Ban on diesel cabs may cost Centre Rs 7,975 crore, government tells Supreme Court
It said the call centre sector, which uses these taxis to transport their employees, may move their offices out of India if their business is affected.
The Centre on Thursday told the Supreme Court that banning all diesel-run taxis in the Delhi-National Capital Region could lead to losses of $1.2 billion (approximately Rs 7,975.25 crore) in the country's revenue if the move affected the business process outsourcing or BPO sector. “The ban would affect the business generated by inter-city cabs engaged by BPOs to ferry employees, and this could cost India $1.2 billion,” Solicitor General Ranjith Kumar told a bench headed by Chief Justice TS Thakur.

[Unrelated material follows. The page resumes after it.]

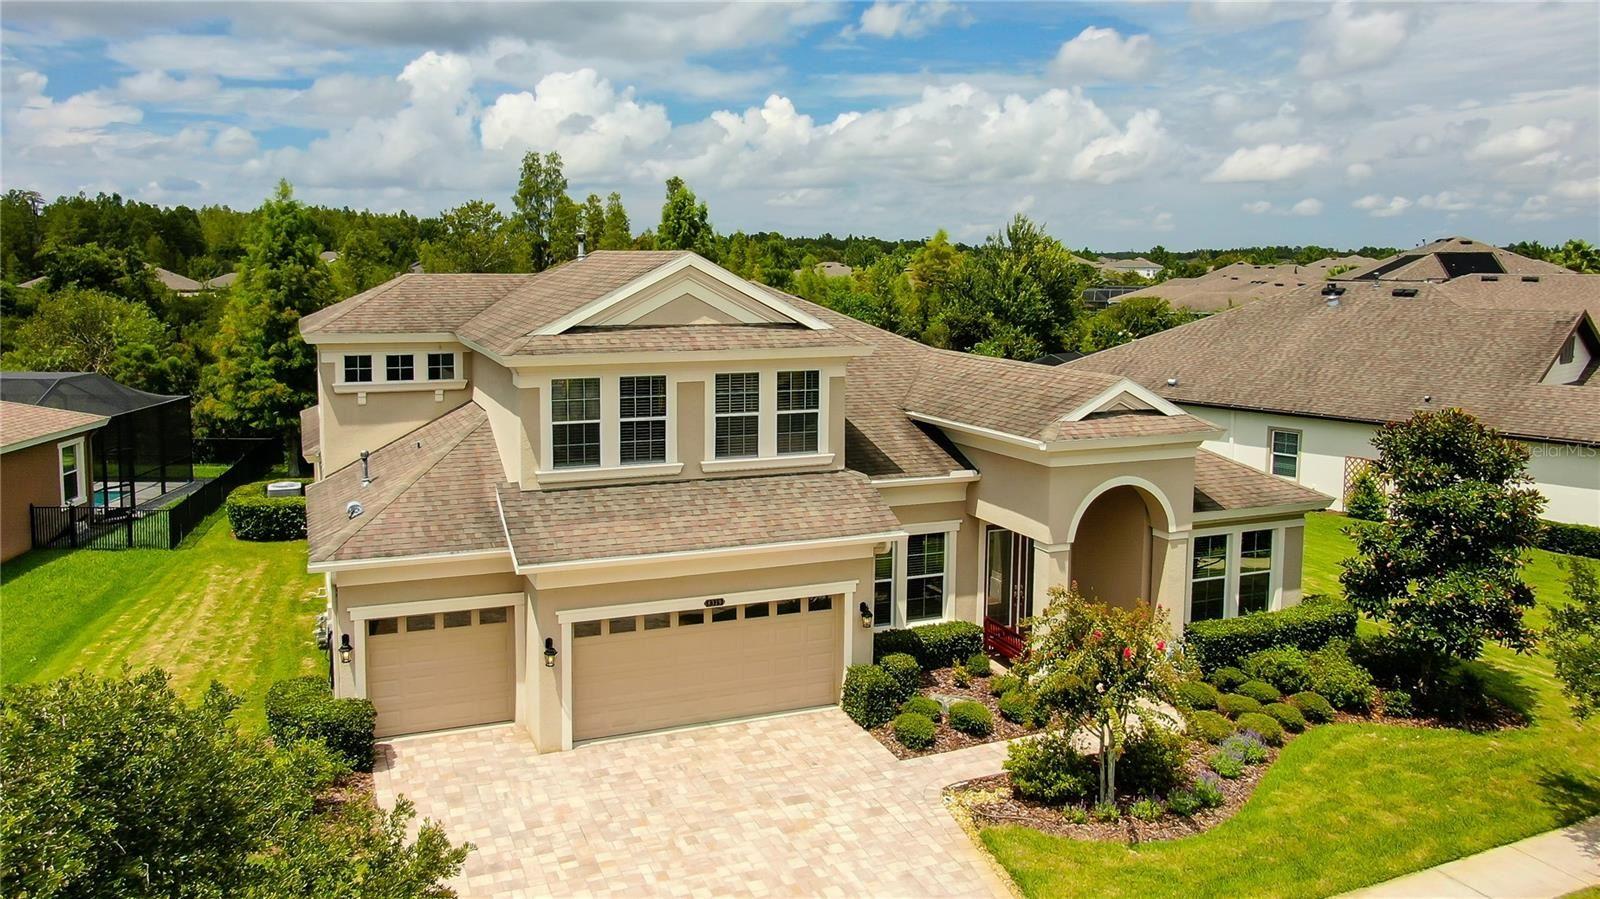 8319 SWISS CHARD CIRCLE, Land O Lakes, FL 34637 - #: W7837653

Kumar warned the court that the call centres may consider shifting their operations out of India, and added that the central government will file an application on the matter soon as it concerned the safety of call centre employees as well. He also argued that CNG-run buses cannot enter small lanes and by-lanes to drop women employees to their doorstep at night, The Times of India reported.
The apex court bench on Saturday had extended the ban on diesel cabs in the region till May 9, when the next hearing on the matter is scheduled. Diesel cab operators were asked to convert their vehicles to run on CNG by April 30. The bench also questioned the Delhi government about why pollution levels in the capital remained unchanged despite the implementation of the odd-even scheme and a ban on the entry of trucks.
Around 30,000 diesel taxis have stopped operating in Delhi following the Supreme Court verdict, the Aam Aadmi party government had said, adding that had inconvenienced many and led to law and order situations. The top court scheduled the matter for Monday, directing all parties to come prepared with suggestions to phase out diesel cabs from the national capital.